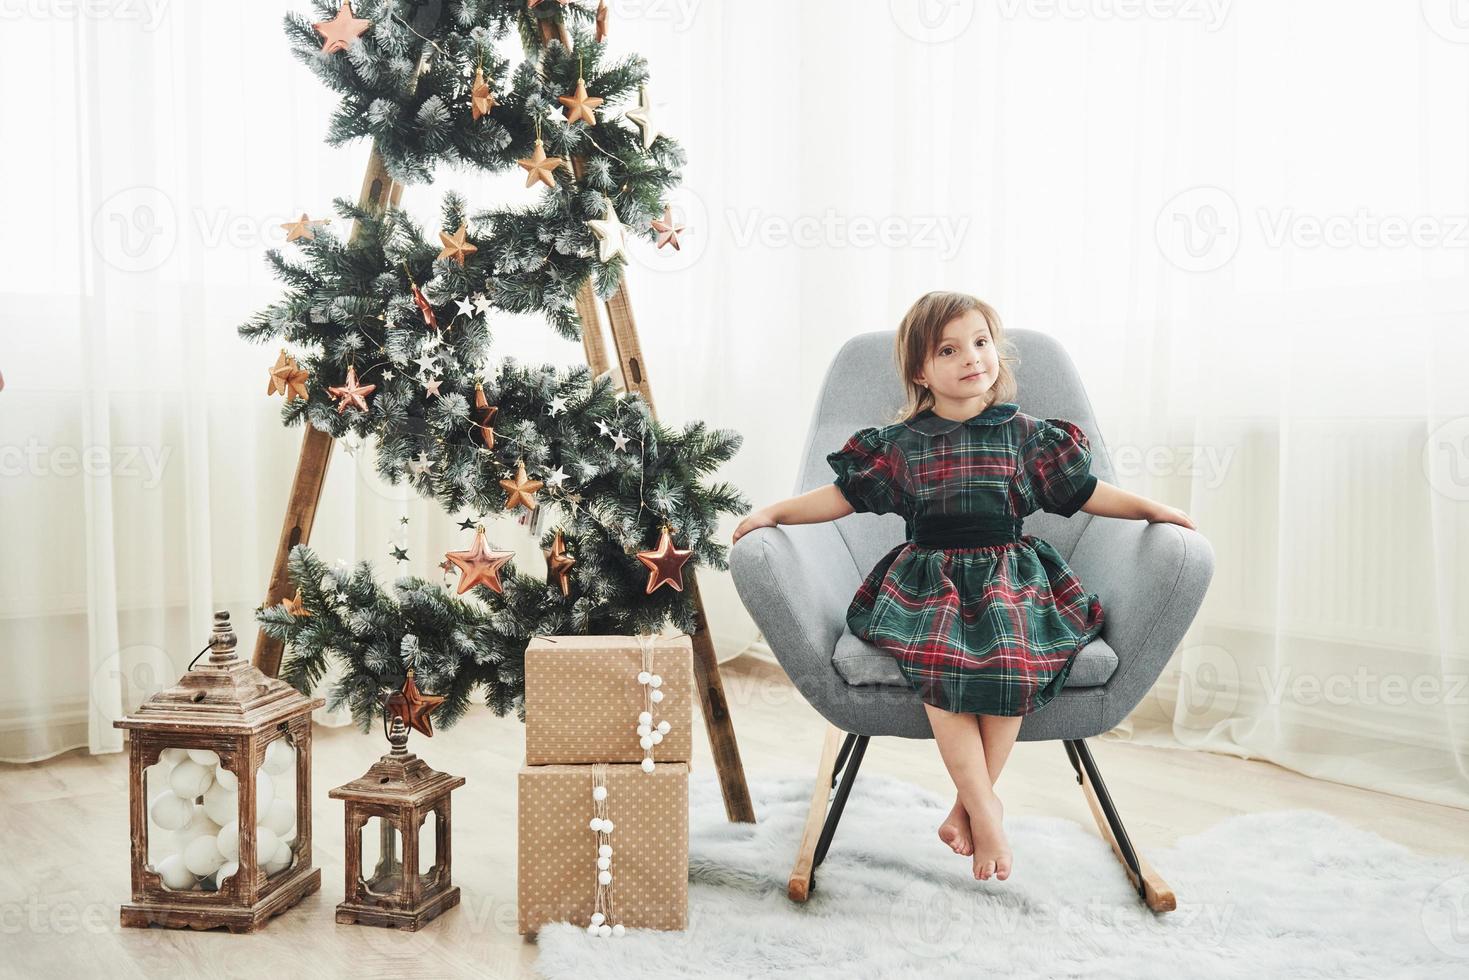 bella stanza bianca. concezione di natale e vacanze. la bambina carina è seduta sulla sedia vicino alla scala decorata con stelle e scatole regalo sul pavimento foto
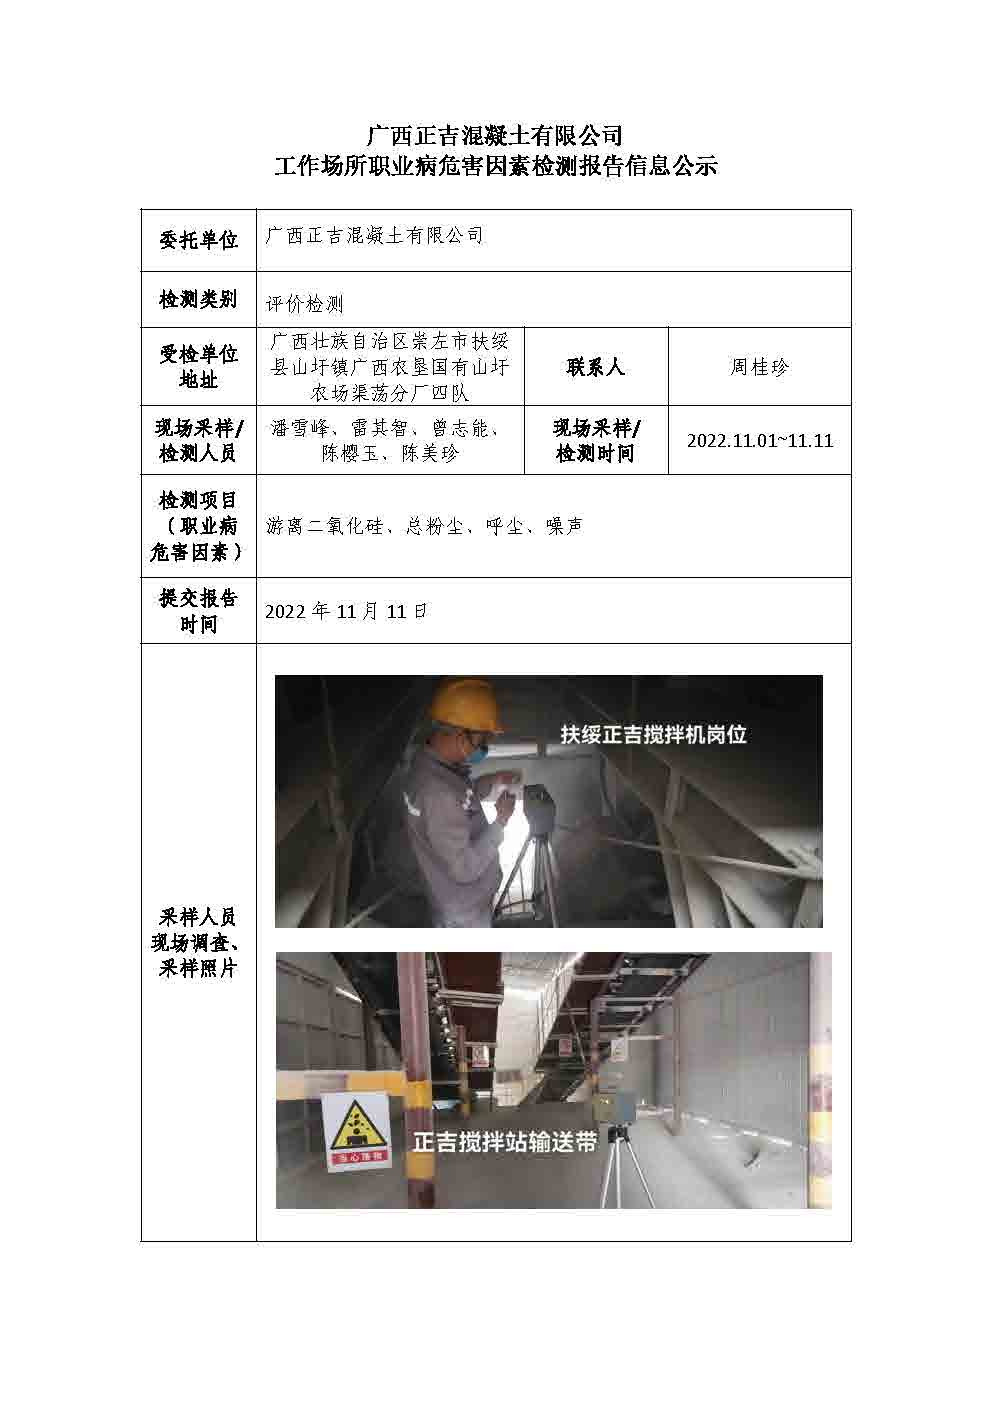 广西正吉混凝土有限公司工作场所职业病危害因素检测报告信息公示
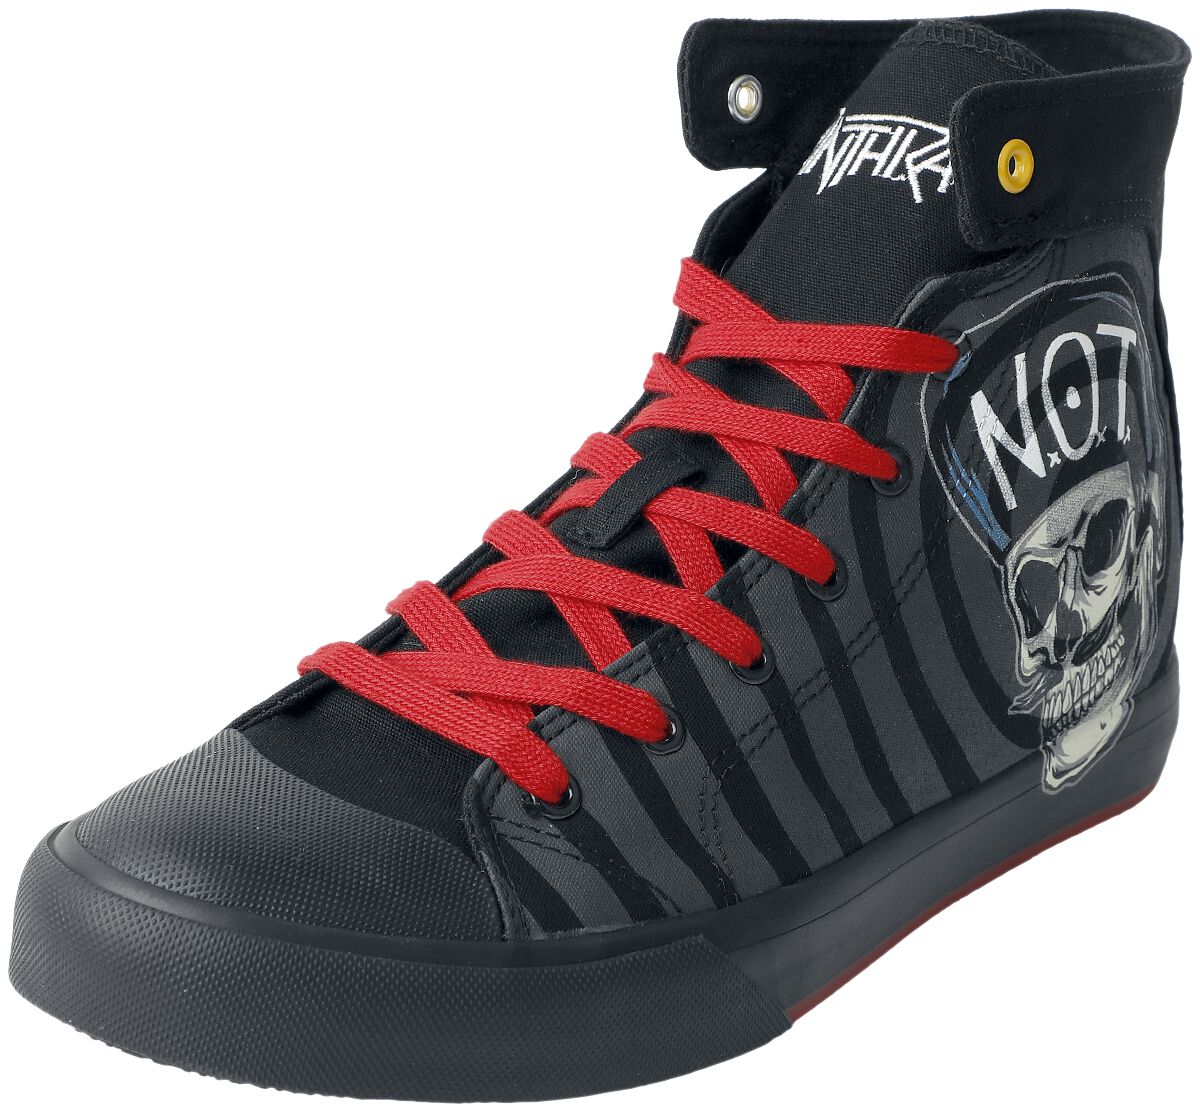 Anthrax Sneaker high - EMP Signature Collection - EU37 bis EU39 - Größe EU39 - schwarz  - EMP exklusives Merchandise!

^^^^

_Assignment_
Each line above should be set down exactly as written, with pictures excluded.

_Response to this exercise_
 bella stanza bianca. concezione di natale e vacanze. la bambina carina è seduta sulla sedia vicino alla scala decorata con stelle e scatole regalo sul pavimento foto
 广西正吉混凝土有限公司工作场所职业病危害因素检测报告信息公示
 Anthrax Sneaker high - EMP Signature Collection - EU37 bis EU39 - Größe EU39 - schwarz  - EMP exklusives Merchandise!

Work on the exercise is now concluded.